▶ _WHAT THE EXERCISE ASKS_: From the top of the entries below through the line containing "Stimulating trough coloring book for kids", return every line exactly as written, please, and stop there.

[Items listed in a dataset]
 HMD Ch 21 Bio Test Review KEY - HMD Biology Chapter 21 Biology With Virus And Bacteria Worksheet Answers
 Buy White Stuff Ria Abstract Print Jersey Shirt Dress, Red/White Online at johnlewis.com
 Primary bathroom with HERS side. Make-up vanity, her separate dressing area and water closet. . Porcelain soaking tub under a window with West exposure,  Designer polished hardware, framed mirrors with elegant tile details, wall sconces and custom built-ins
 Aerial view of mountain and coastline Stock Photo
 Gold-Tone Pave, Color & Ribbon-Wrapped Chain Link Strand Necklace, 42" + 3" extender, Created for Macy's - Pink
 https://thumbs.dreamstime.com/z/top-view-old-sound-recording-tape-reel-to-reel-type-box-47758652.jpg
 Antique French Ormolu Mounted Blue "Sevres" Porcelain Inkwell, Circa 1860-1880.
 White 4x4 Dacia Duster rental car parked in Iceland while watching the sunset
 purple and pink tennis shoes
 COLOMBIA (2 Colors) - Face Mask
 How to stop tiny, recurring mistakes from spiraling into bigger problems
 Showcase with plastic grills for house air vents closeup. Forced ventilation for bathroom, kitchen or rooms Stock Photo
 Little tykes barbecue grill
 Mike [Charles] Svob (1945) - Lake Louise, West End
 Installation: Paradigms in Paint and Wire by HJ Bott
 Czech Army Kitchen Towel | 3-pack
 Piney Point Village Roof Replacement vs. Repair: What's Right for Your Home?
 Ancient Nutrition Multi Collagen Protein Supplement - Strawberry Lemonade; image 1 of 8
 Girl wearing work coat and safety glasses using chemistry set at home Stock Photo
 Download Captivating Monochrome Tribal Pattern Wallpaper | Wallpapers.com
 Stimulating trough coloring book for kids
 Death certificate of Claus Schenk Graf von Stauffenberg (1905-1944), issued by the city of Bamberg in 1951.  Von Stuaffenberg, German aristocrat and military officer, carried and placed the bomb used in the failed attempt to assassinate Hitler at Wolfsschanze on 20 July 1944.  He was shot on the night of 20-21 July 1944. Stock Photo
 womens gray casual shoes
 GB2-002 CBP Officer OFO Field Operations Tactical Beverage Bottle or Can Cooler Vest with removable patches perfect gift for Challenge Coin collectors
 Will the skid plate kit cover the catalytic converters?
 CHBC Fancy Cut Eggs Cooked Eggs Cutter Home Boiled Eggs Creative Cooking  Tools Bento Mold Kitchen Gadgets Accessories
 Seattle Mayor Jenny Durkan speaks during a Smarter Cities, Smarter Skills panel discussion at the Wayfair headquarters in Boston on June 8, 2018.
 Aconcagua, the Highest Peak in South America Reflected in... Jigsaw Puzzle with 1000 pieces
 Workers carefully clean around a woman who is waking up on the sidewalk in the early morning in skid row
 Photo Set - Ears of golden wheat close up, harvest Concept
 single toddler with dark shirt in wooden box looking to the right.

▶ _ANSWER BOX_:
 HMD Ch 21 Bio Test Review KEY - HMD Biology Chapter 21 Biology With Virus And Bacteria Worksheet Answers
 Buy White Stuff Ria Abstract Print Jersey Shirt Dress, Red/White Online at johnlewis.com
 Primary bathroom with HERS side. Make-up vanity, her separate dressing area and water closet. . Porcelain soaking tub under a window with West exposure,  Designer polished hardware, framed mirrors with elegant tile details, wall sconces and custom built-ins
 Aerial view of mountain and coastline Stock Photo
 Gold-Tone Pave, Color & Ribbon-Wrapped Chain Link Strand Necklace, 42" + 3" extender, Created for Macy's - Pink
 https://thumbs.dreamstime.com/z/top-view-old-sound-recording-tape-reel-to-reel-type-box-47758652.jpg
 Antique French Ormolu Mounted Blue "Sevres" Porcelain Inkwell, Circa 1860-1880.
 White 4x4 Dacia Duster rental car parked in Iceland while watching the sunset
 purple and pink tennis shoes
 COLOMBIA (2 Colors) - Face Mask
 How to stop tiny, recurring mistakes from spiraling into bigger problems
 Showcase with plastic grills for house air vents closeup. Forced ventilation for bathroom, kitchen or rooms Stock Photo
 Little tykes barbecue grill
 Mike [Charles] Svob (1945) - Lake Louise, West End
 Installation: Paradigms in Paint and Wire by HJ Bott
 Czech Army Kitchen Towel | 3-pack
 Piney Point Village Roof Replacement vs. Repair: What's Right for Your Home?
 Ancient Nutrition Multi Collagen Protein Supplement - Strawberry Lemonade; image 1 of 8
 Girl wearing work coat and safety glasses using chemistry set at home Stock Photo
 Download Captivating Monochrome Tribal Pattern Wallpaper | Wallpapers.com
 Stimulating trough coloring book for kids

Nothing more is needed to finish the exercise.